■ Work item:
Write out word for word each line from the one containing "Legging de running" through the close of the listing, including both ends. Pictures do not belong in the copy.

--- Data block Enclosed Below ---

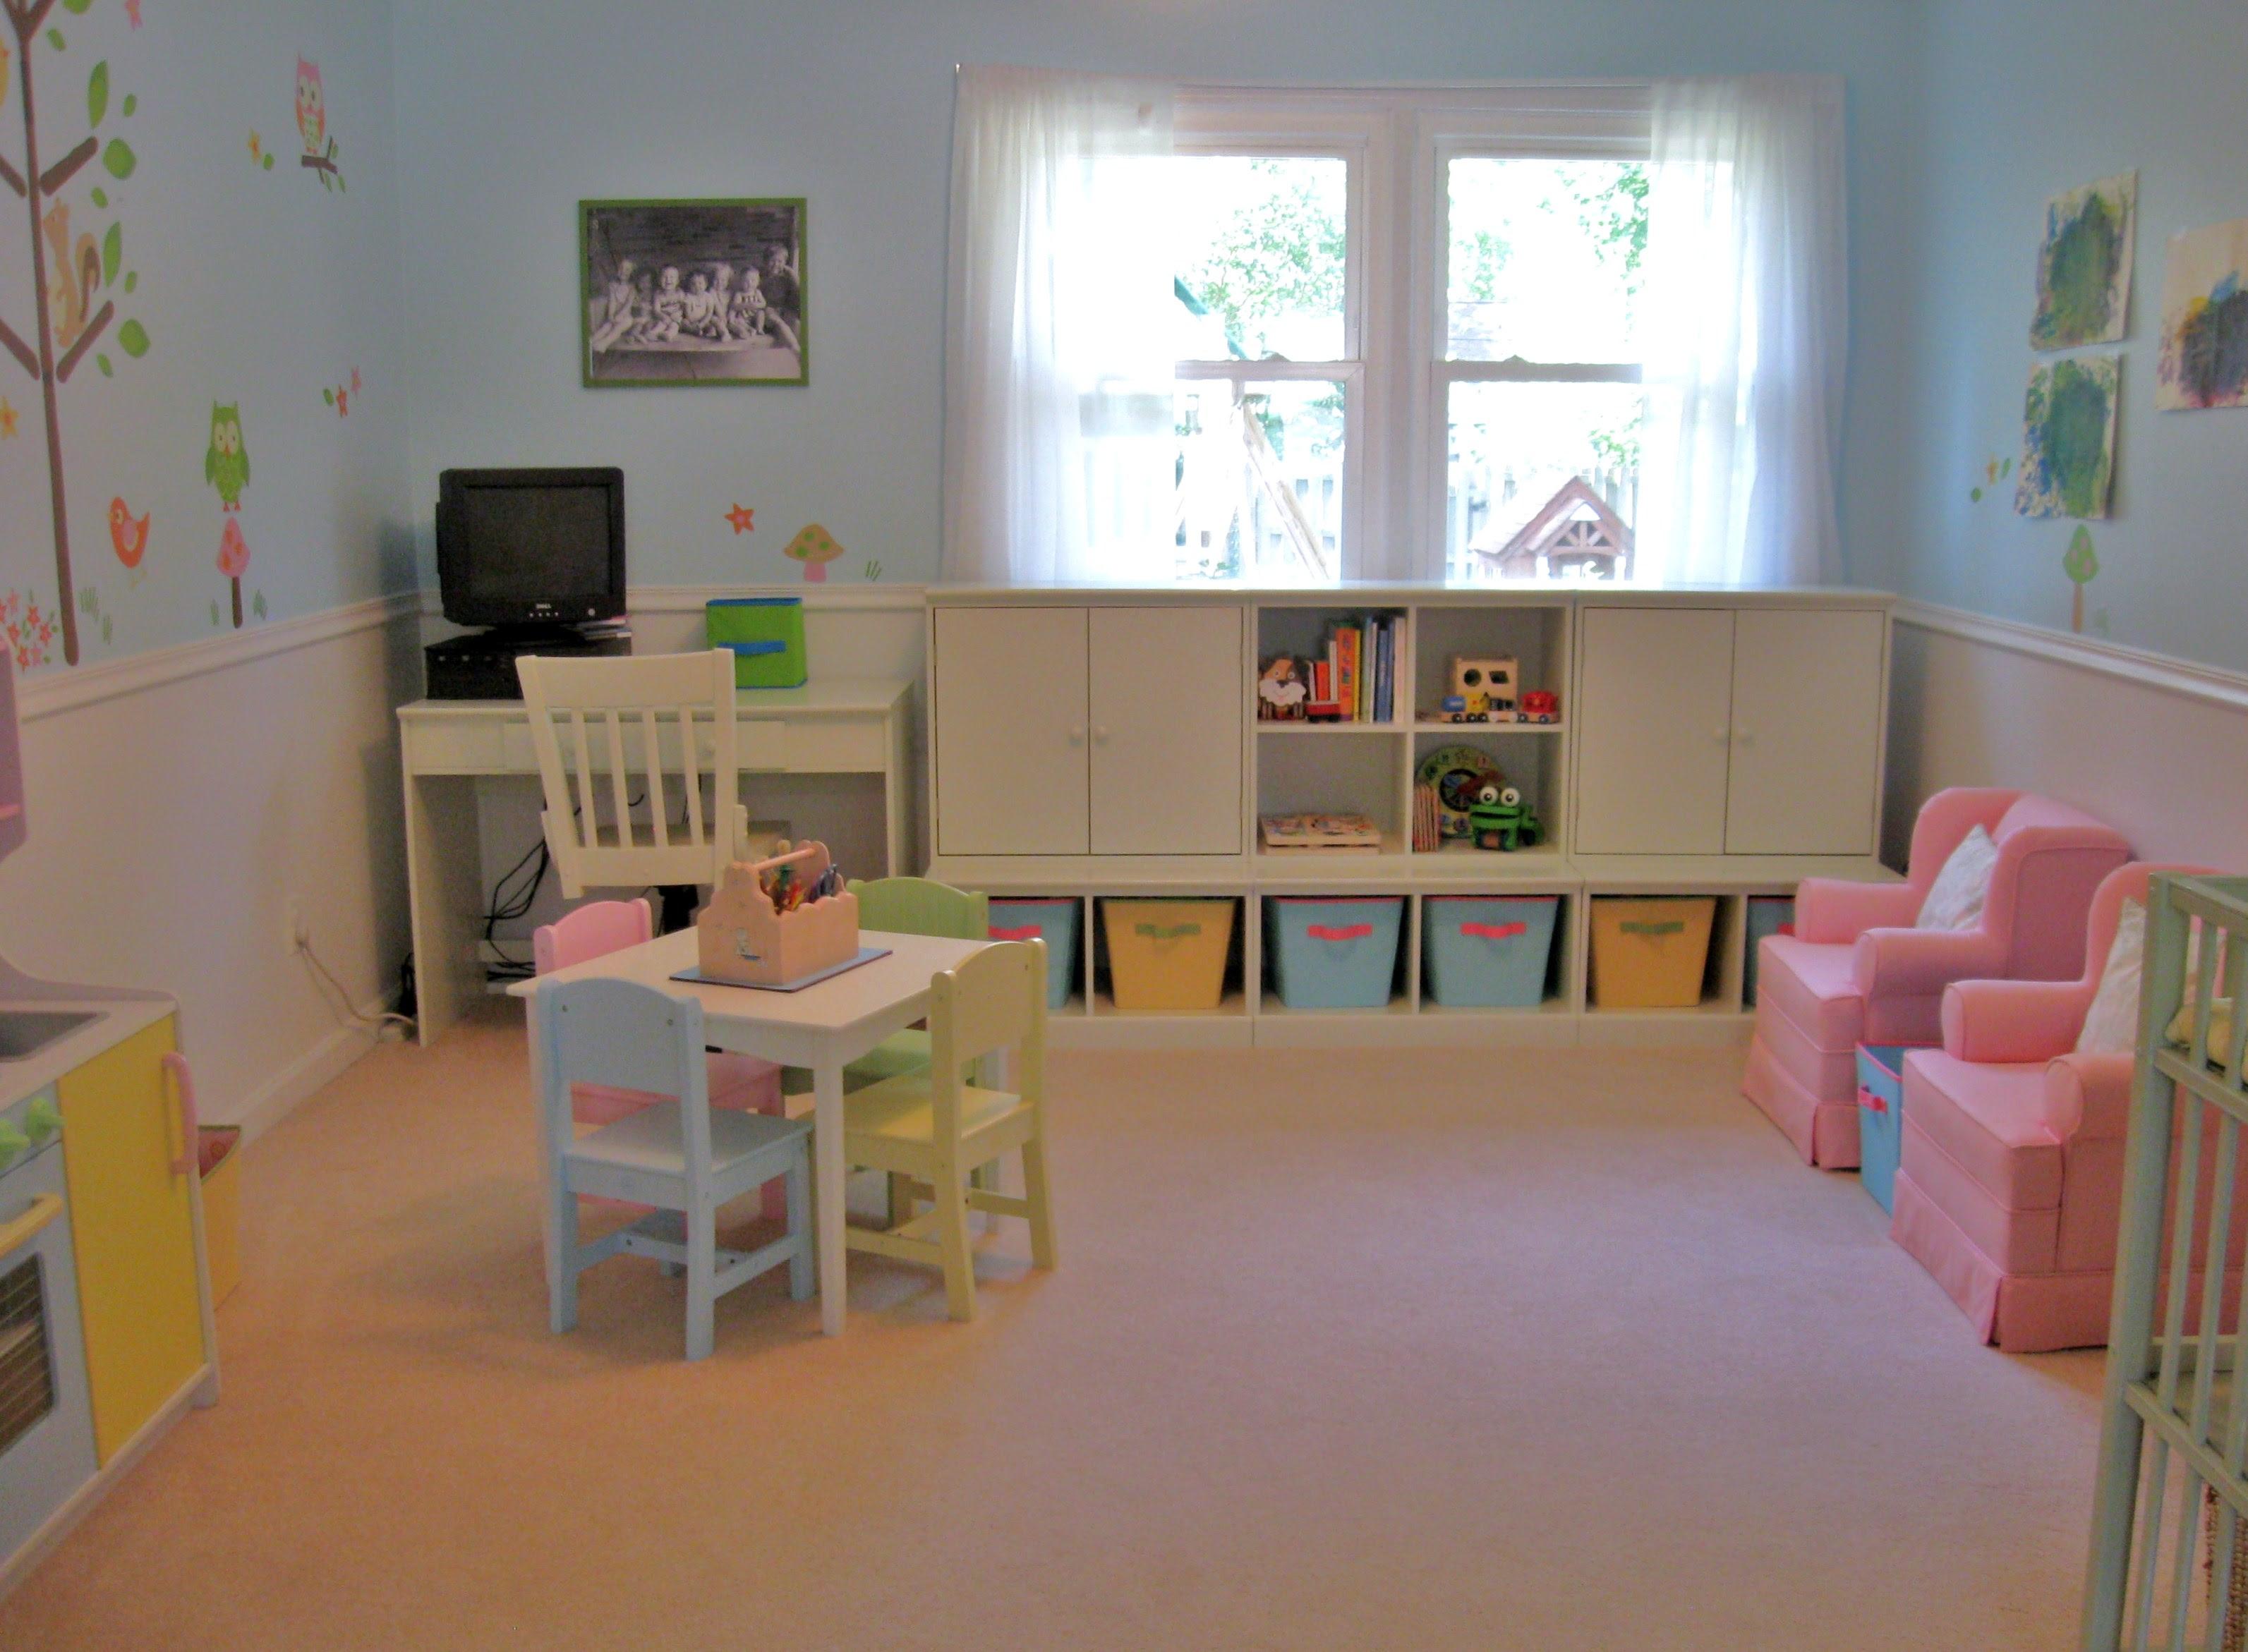 Designing the perfect playroom - takingtimeformommy.
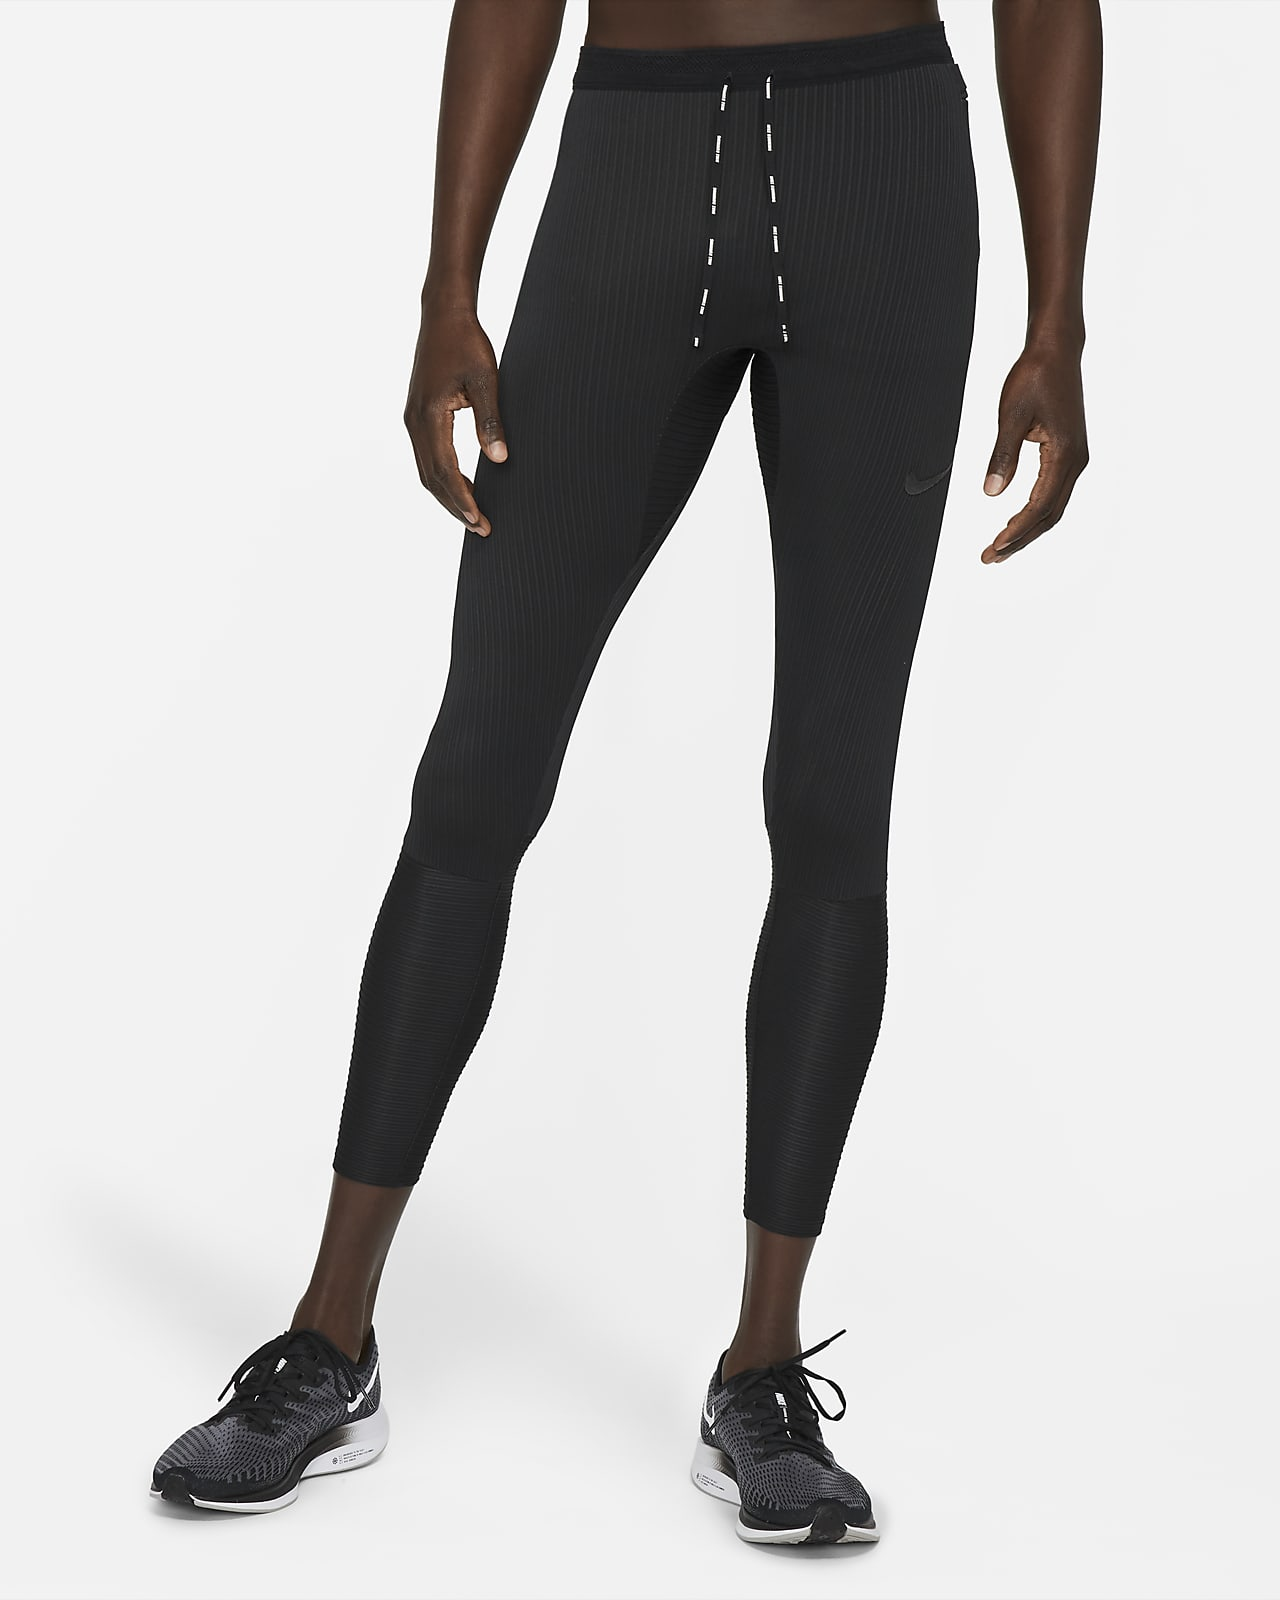 Legging de running Nike Dri-FIT Swift pour Homme
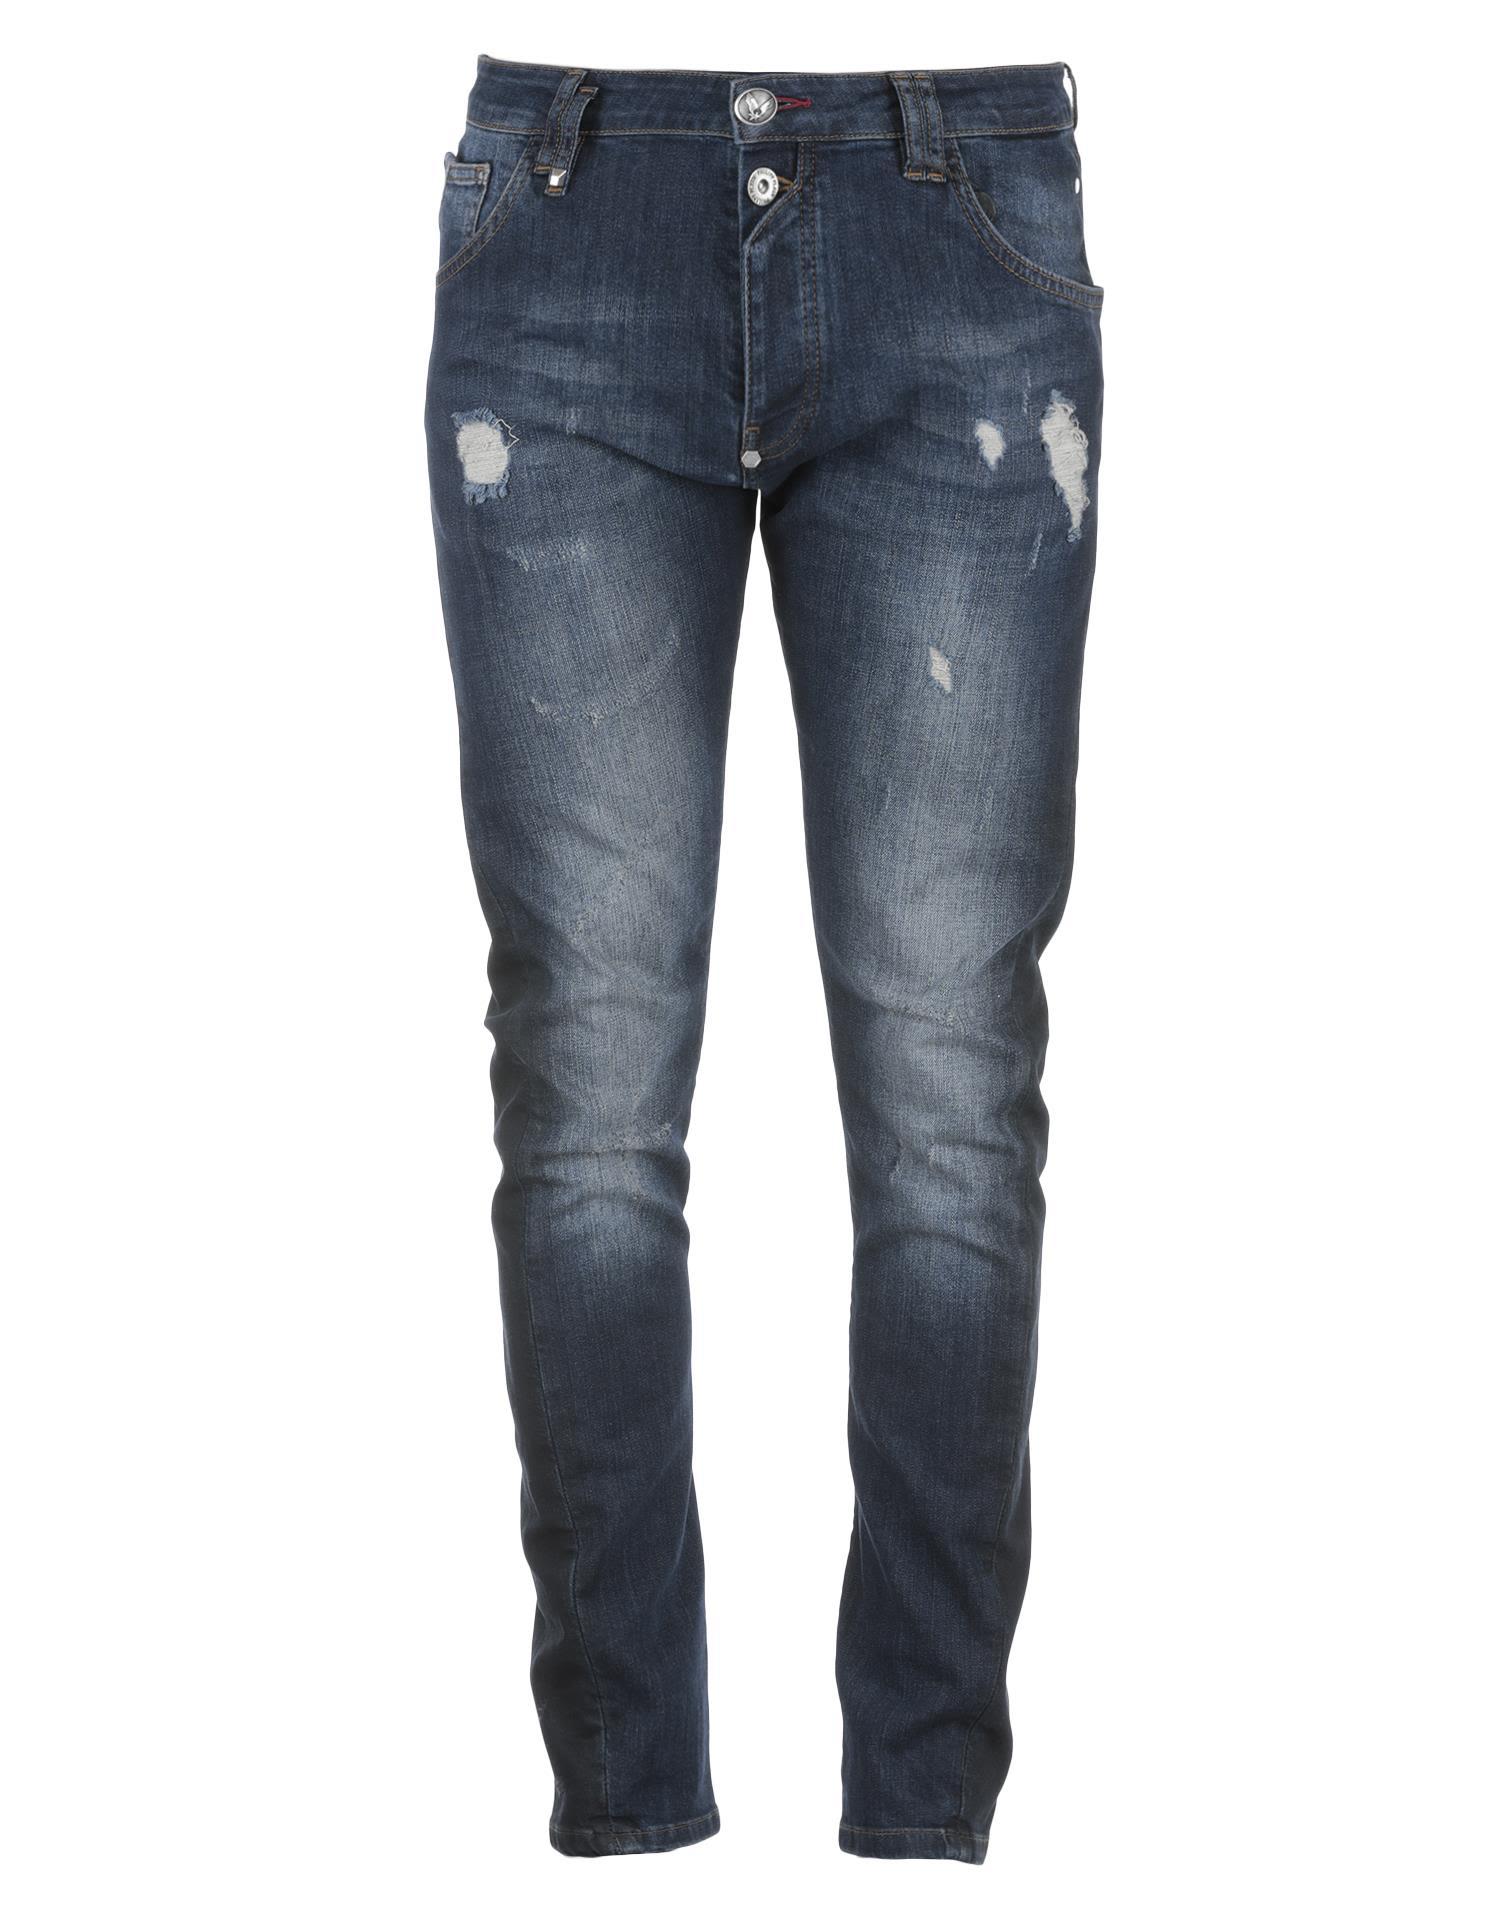 Philipp Plein Fool Super Straight Cut Jeans

--- End of Enclosed Data block ---

■ Answer below:
 Legging de running Nike Dri-FIT Swift pour Homme
 Philipp Plein Fool Super Straight Cut Jeans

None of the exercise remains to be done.